**Exercise instructions:** Using the records that follow, reproduce exactly the lines starting at the line containing "ef1f14d56 Buy Ray-Ban" and ending at the line containing "Lakewood Family Fall". Include both end lines and no pictures.
Given information START
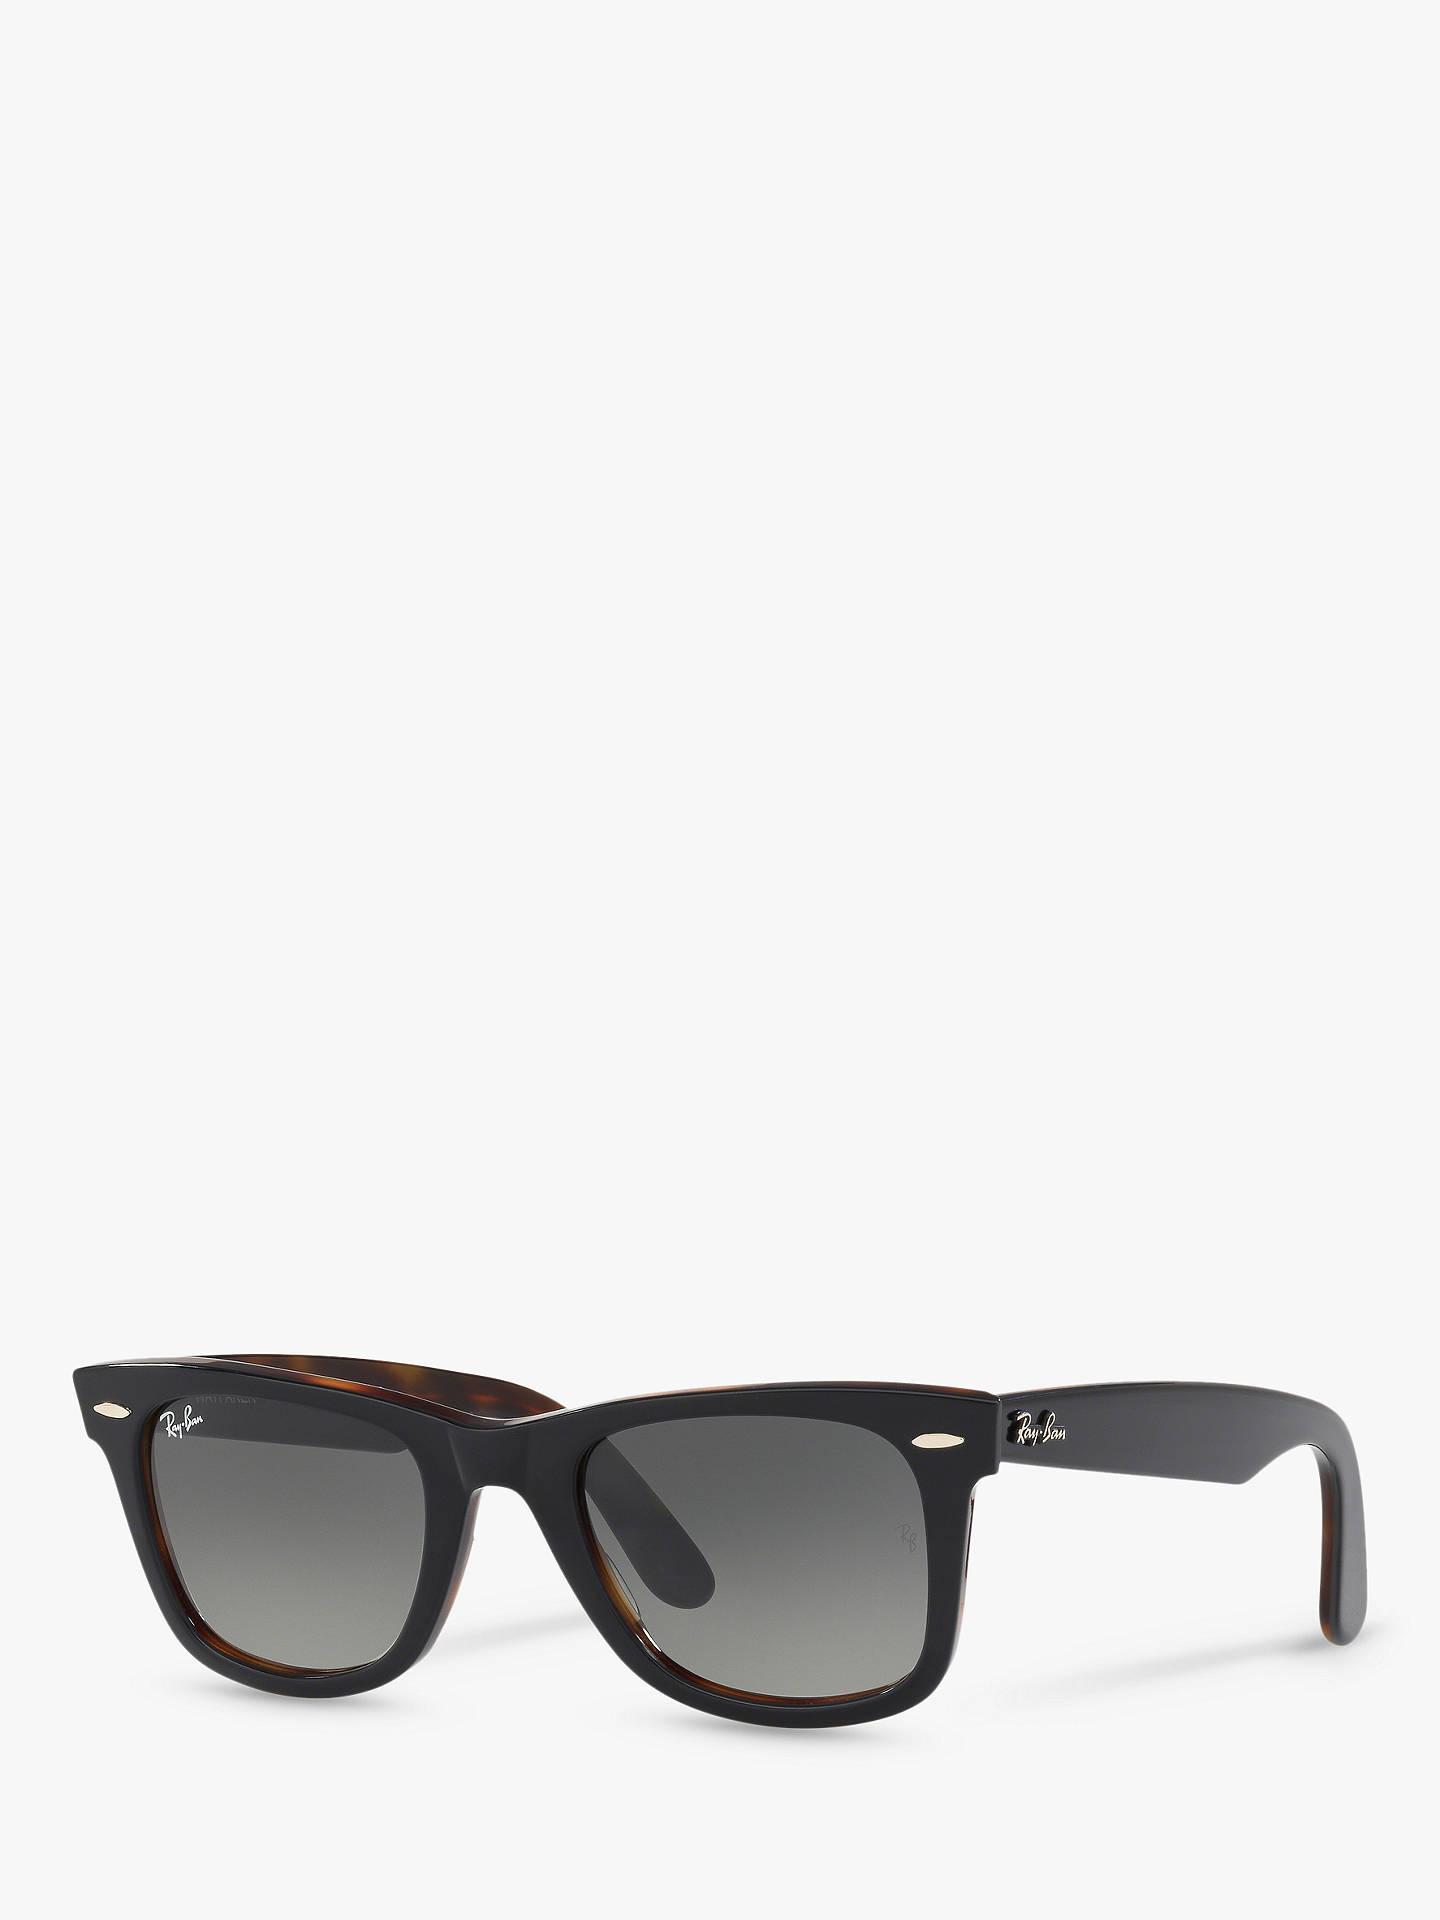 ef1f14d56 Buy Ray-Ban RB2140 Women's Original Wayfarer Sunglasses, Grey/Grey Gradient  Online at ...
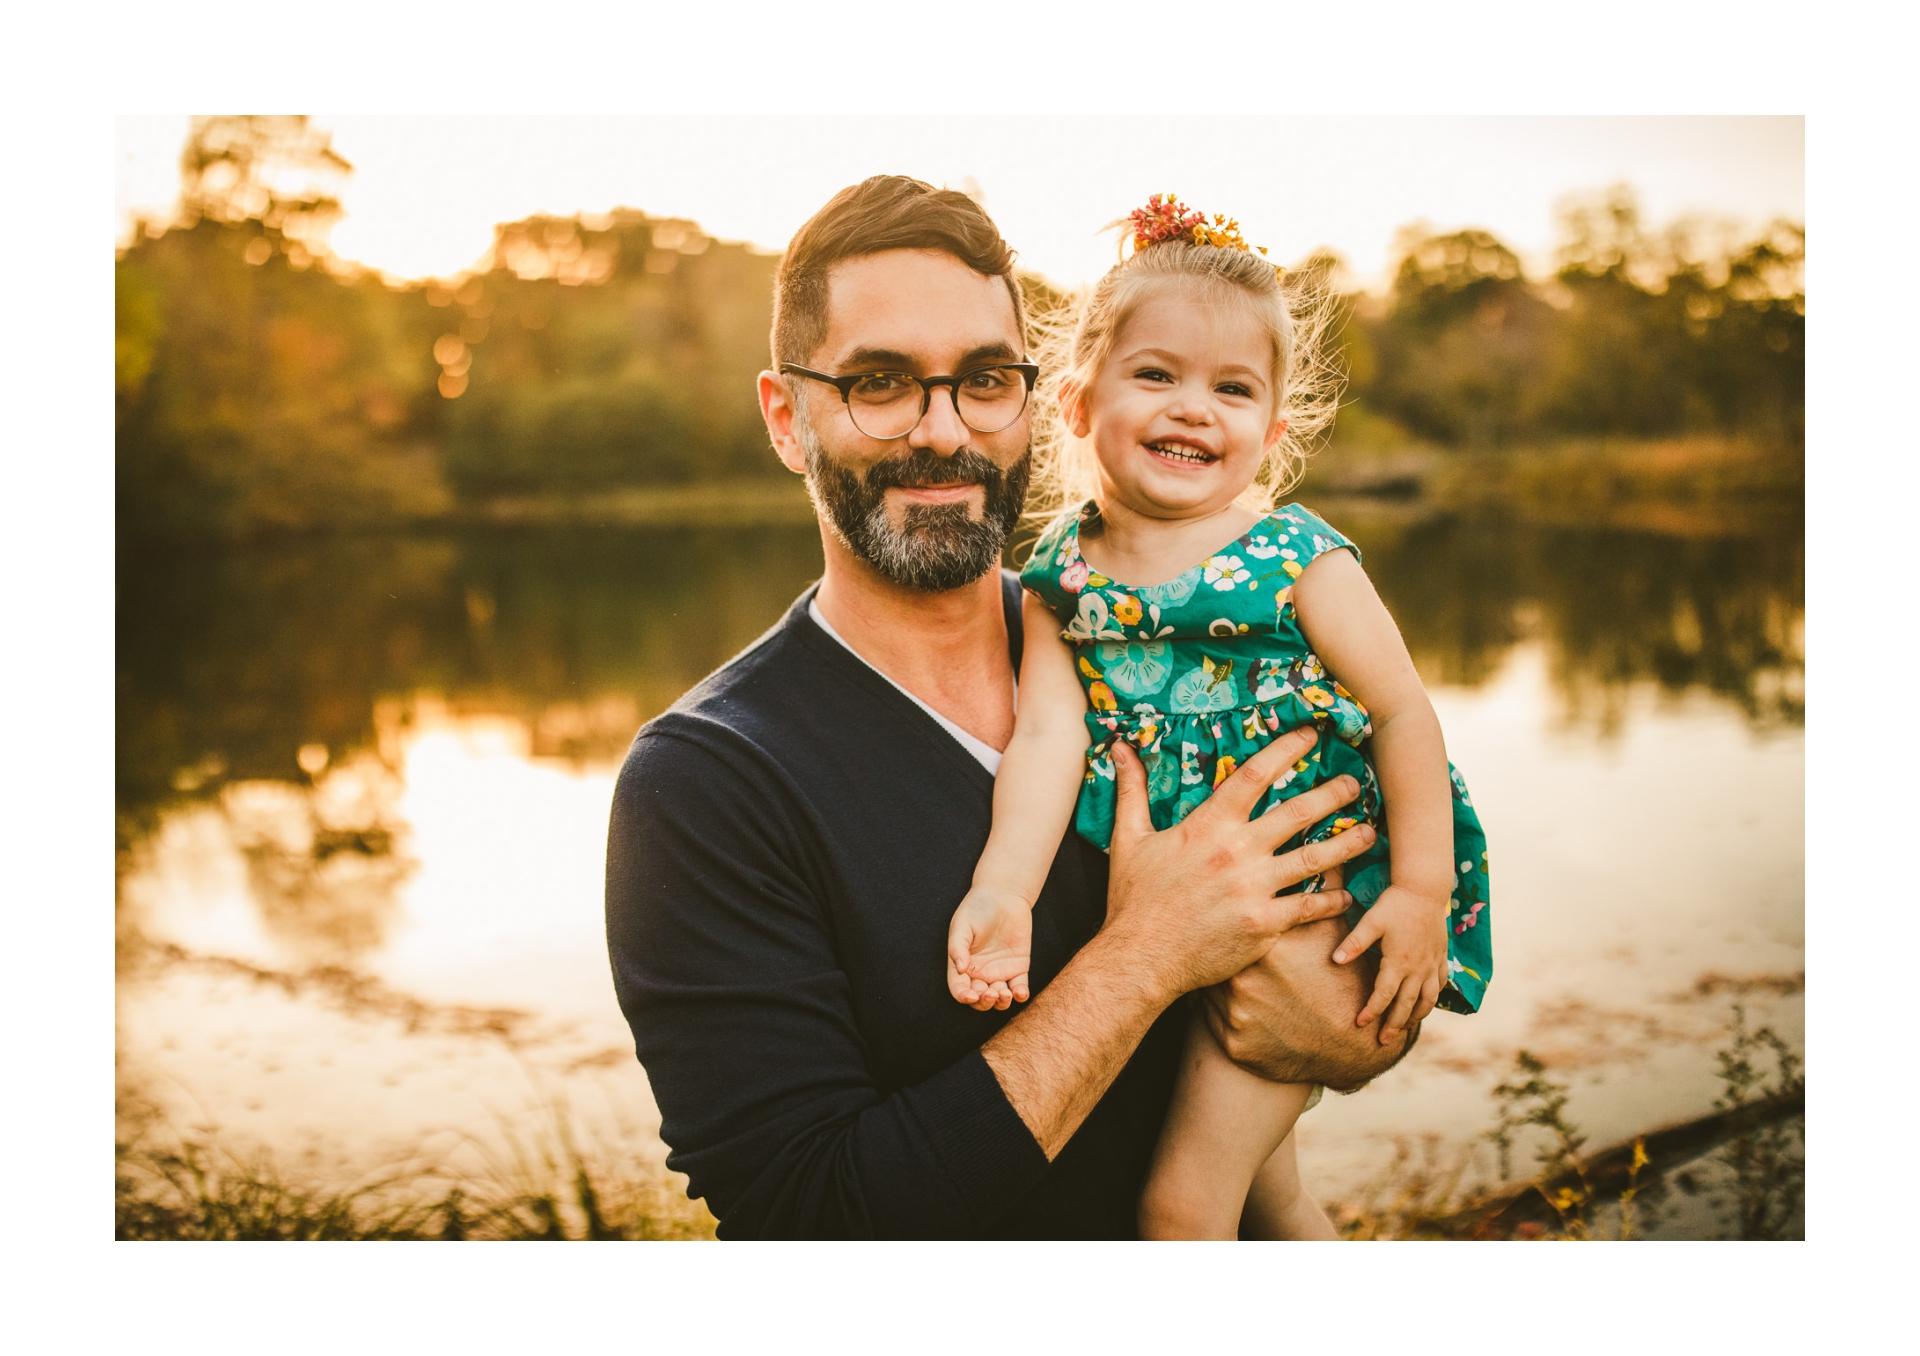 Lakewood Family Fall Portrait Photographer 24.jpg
Given information END
Given information START
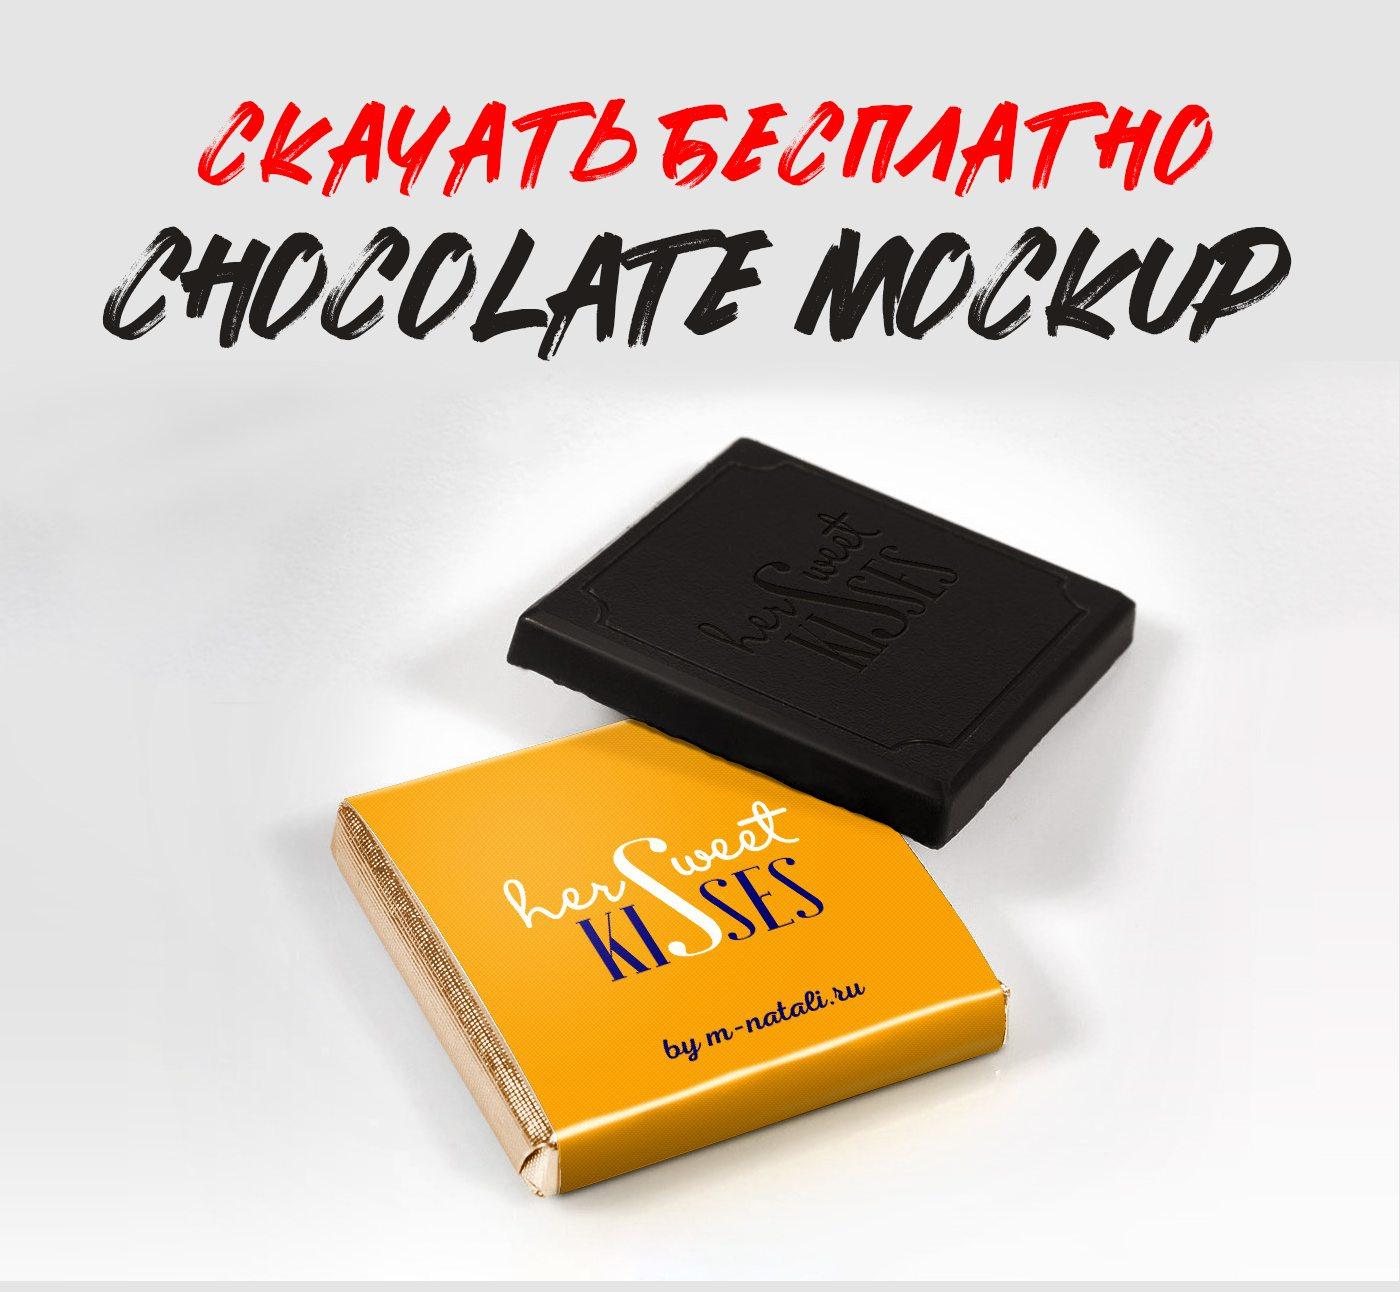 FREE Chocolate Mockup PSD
Given information END
Given information START
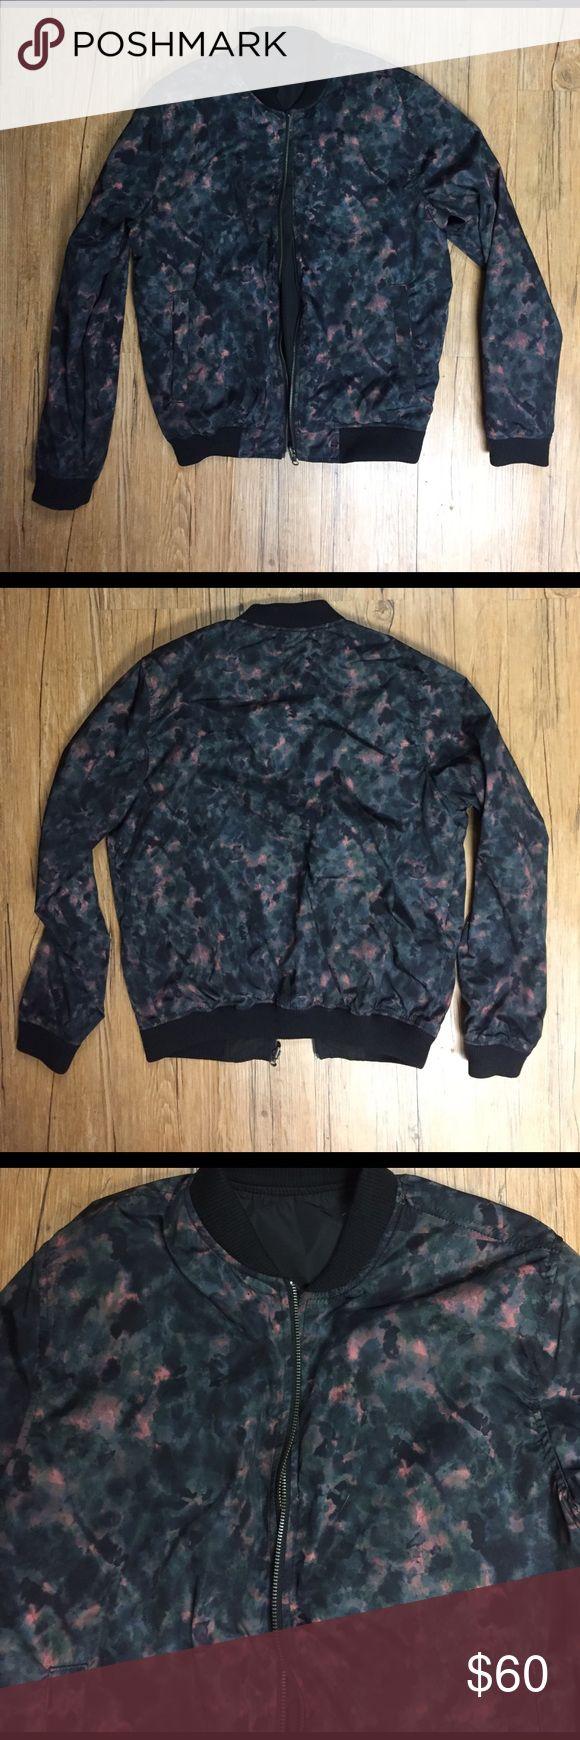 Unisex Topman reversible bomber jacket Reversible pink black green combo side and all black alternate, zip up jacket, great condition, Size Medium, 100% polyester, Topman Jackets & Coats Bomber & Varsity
Given information END
**Solved exercise:**
 ef1f14d56 Buy Ray-Ban RB2140 Women's Original Wayfarer Sunglasses, Grey/Grey Gradient  Online at ...
 Lakewood Family Fall Portrait Photographer 24.jpg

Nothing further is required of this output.